On the basis of the mercies of God, chapter 12 verse 1, present your body, a living sacrifice and get on with it. And what does that mean? That means start loving to the fullest of your capacity by the power of the Spirit, start hating what is evil in a constant way as a pattern of life and cling tightly to what is good and don't ever let yourself get spotted with that which is evil. Live your whole life with a sense of fear lest you get too close to that because it stains so profoundly and so disastrously.
Well, that's a good beginning, and we'll take a larger chunk next Lord's day. Let's bow in prayer.

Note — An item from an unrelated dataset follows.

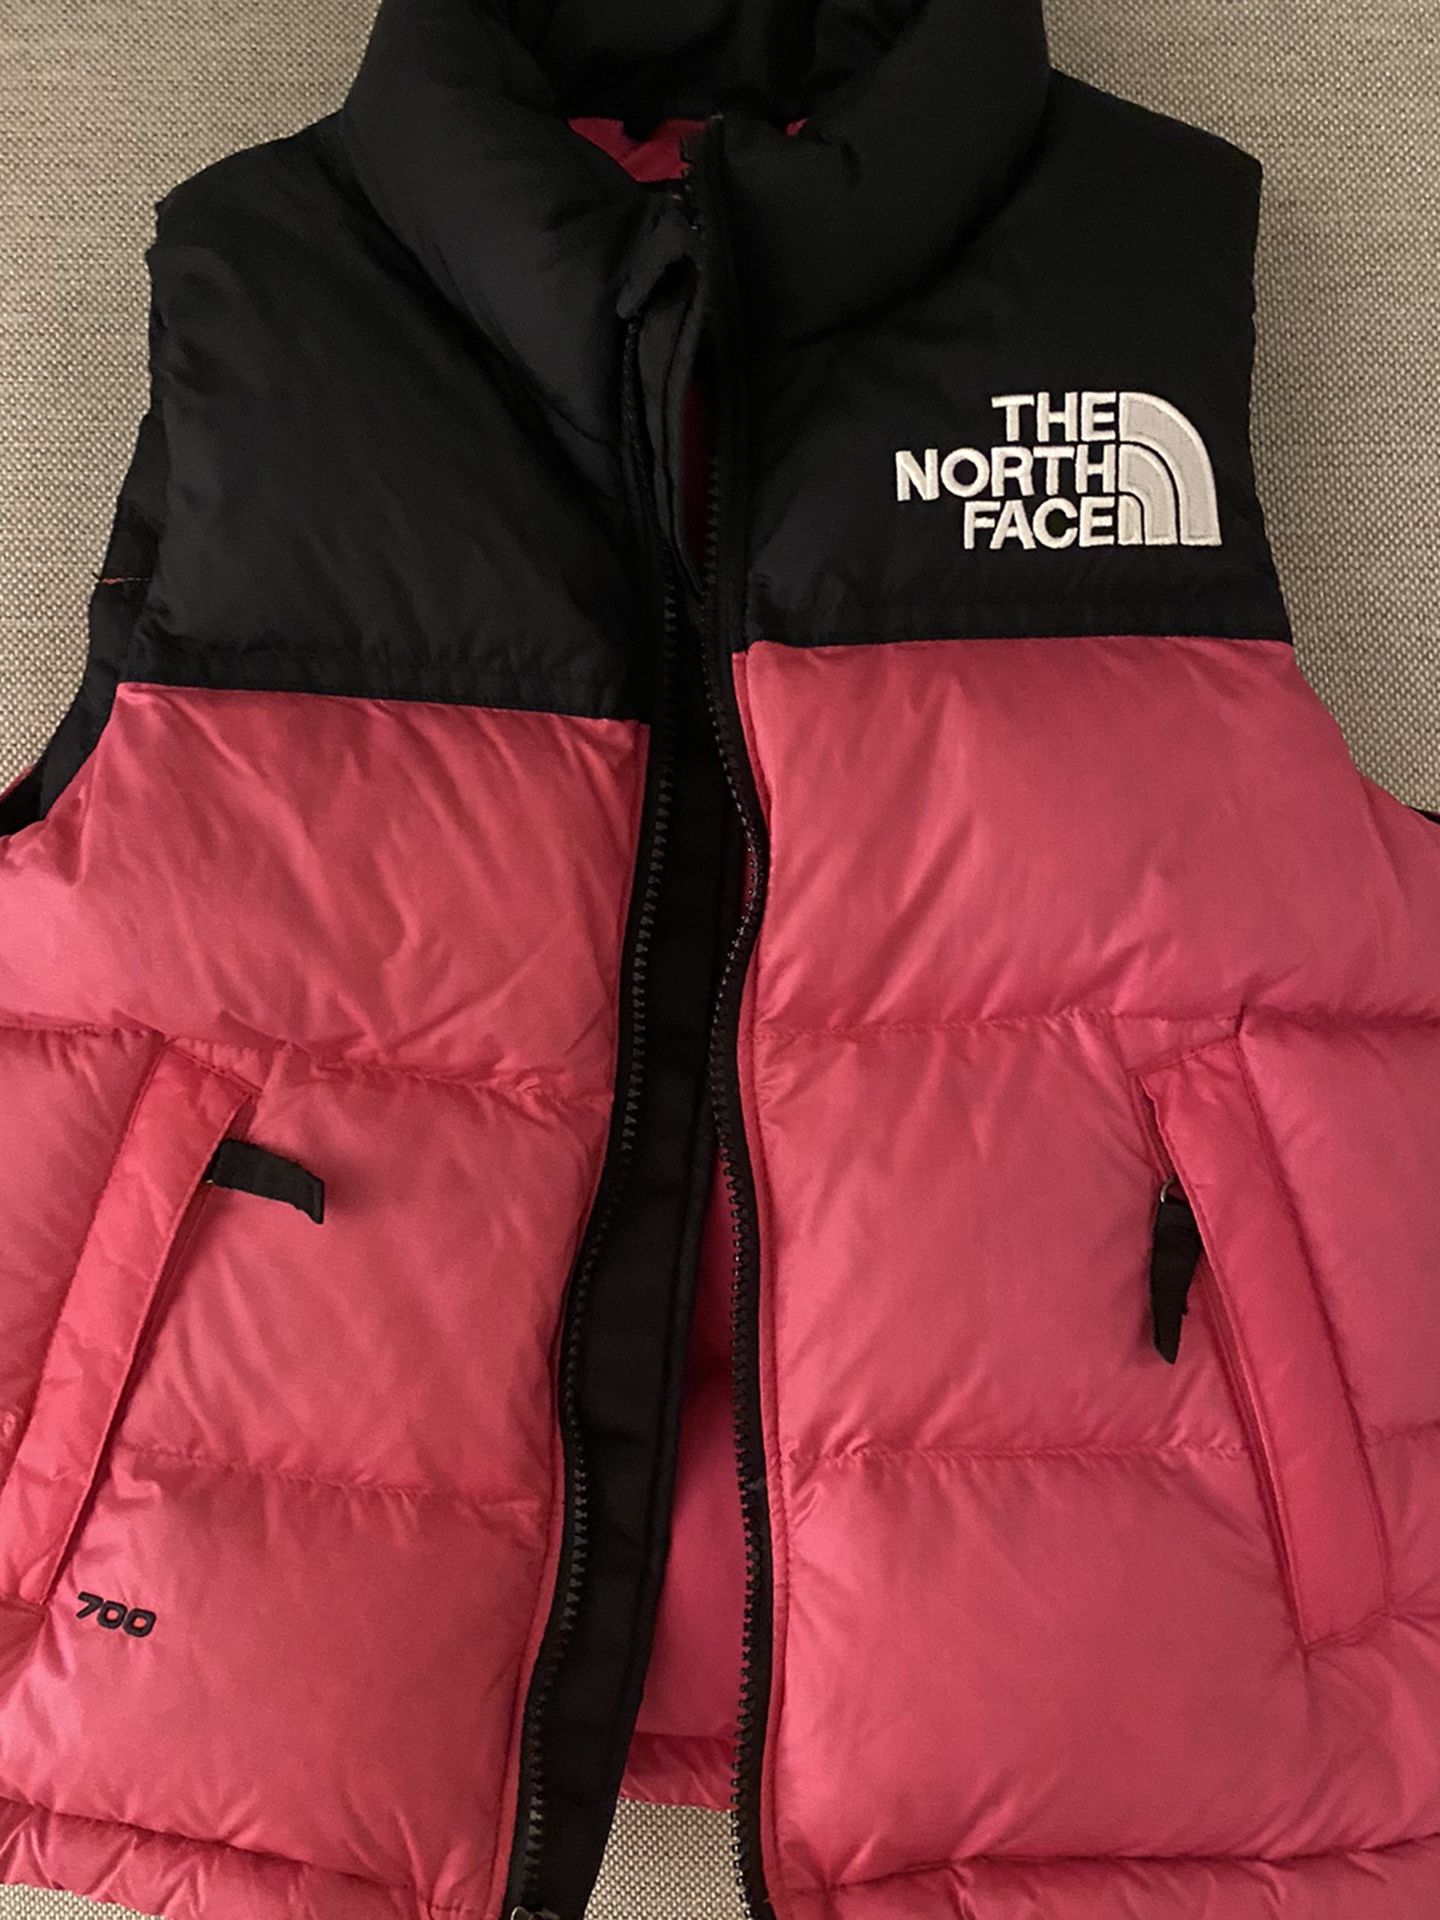 The North Face - Vest Kids - Girl

We thank You, Father, tonight, for just reminding us of some of these very basic things. I need to be reminded. We all do. That's obvious because of how many times we have failed. We haven't been loving as we ought. We haven't hated the evil. We have indulged ourselves in it to one degree or another. We haven't held tightly to what is good. We have allowed ourselves to let go of the good in favor of the evil.

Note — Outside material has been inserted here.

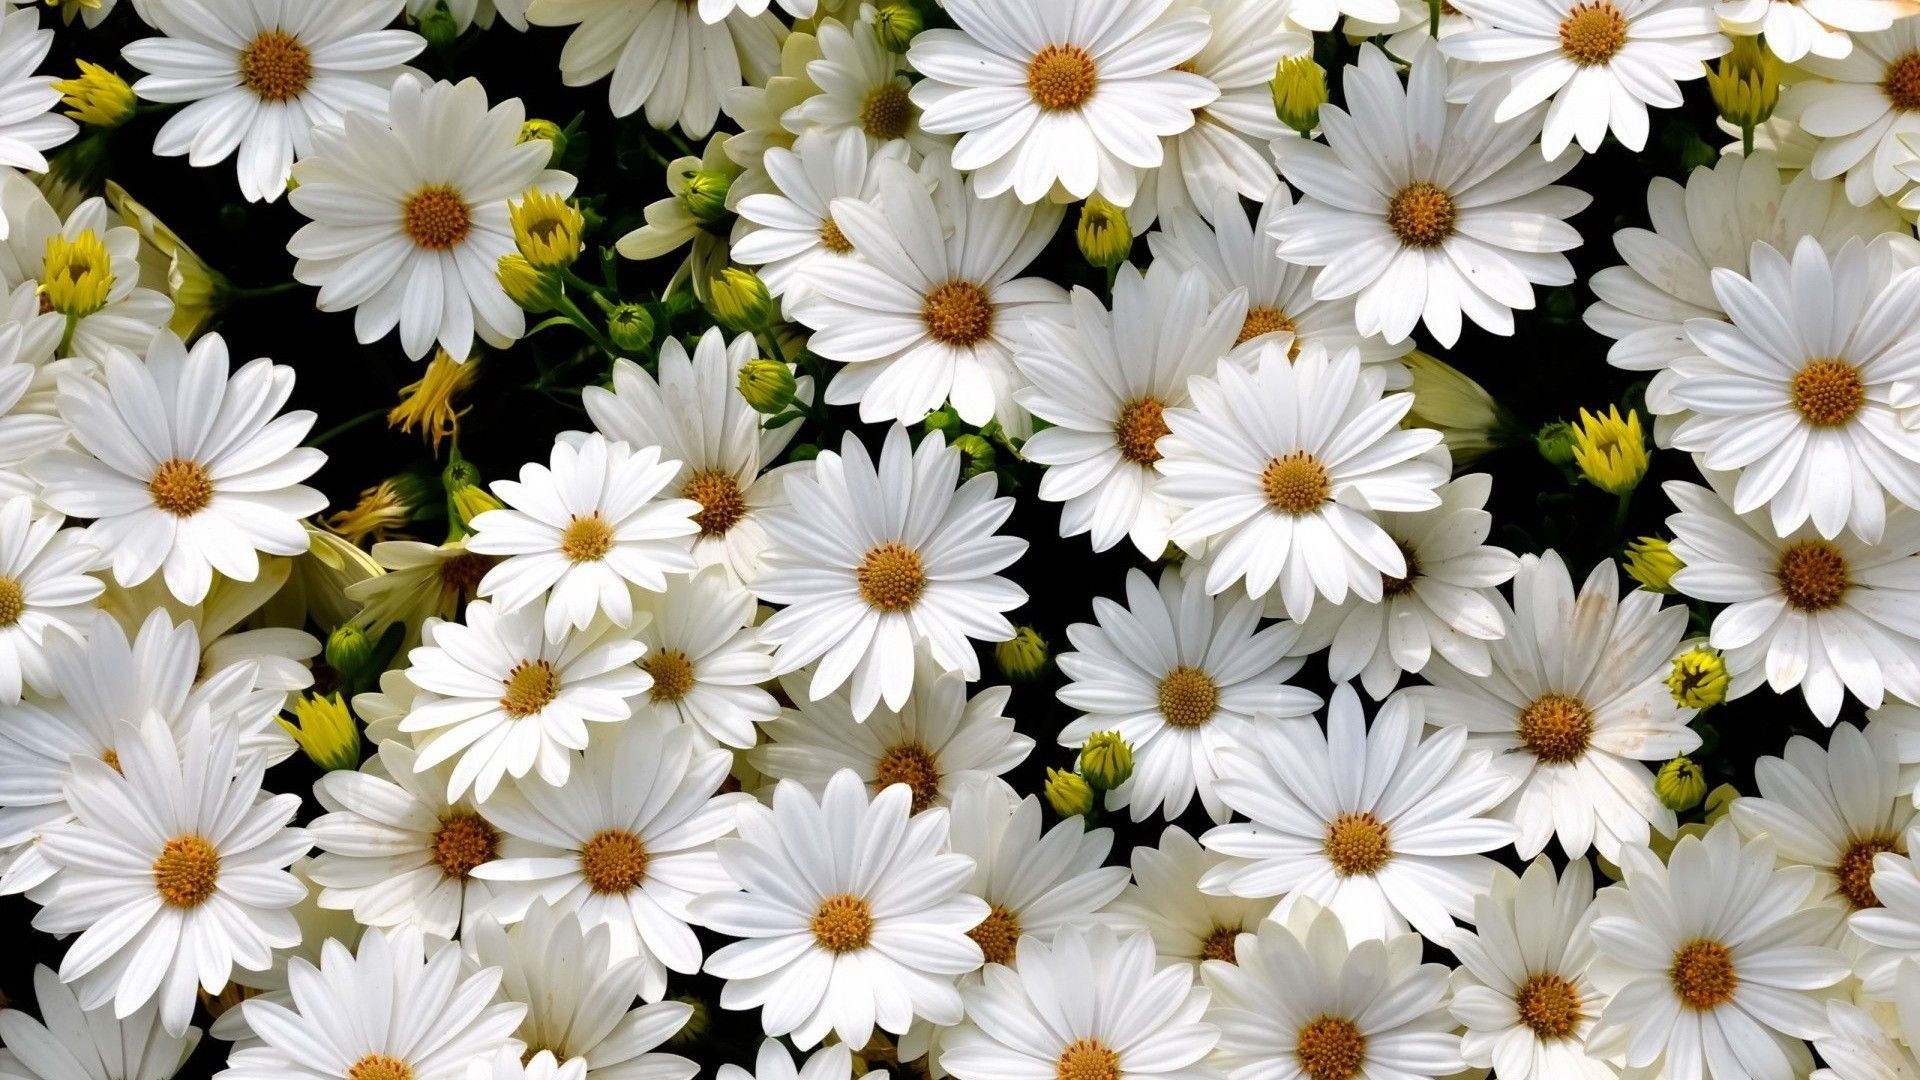 A close up of many white daisies - Daisy

Father, we thank You for Your forgiveness. Lord, we want to live the life that pleases You. We want to do the things that give You glory. We want to honor Your blessed name, and so, Father, we pray that we might learn how to love, not in human strength, but to love with the love that is shed abroad in our hearts, Your love, that we might learn what it is to hate evil, to hate even the garment that is spotted by the flesh, to avoid anything that even touches that.
And, Father, may we further learn how to cleave tightly to what is good, give us a great love for good things, righteous things, right things that Christ may be exalted in us.
With your head bowed for just a moment, would you just, as we've begun to look at these practical things, just kind of covenant in your heart to the Lord that you want to take these three very personal elements of Christian behavior and you want the Lord to produce them in all their fullness in your life. Just commit yourself to the Lord in that regard.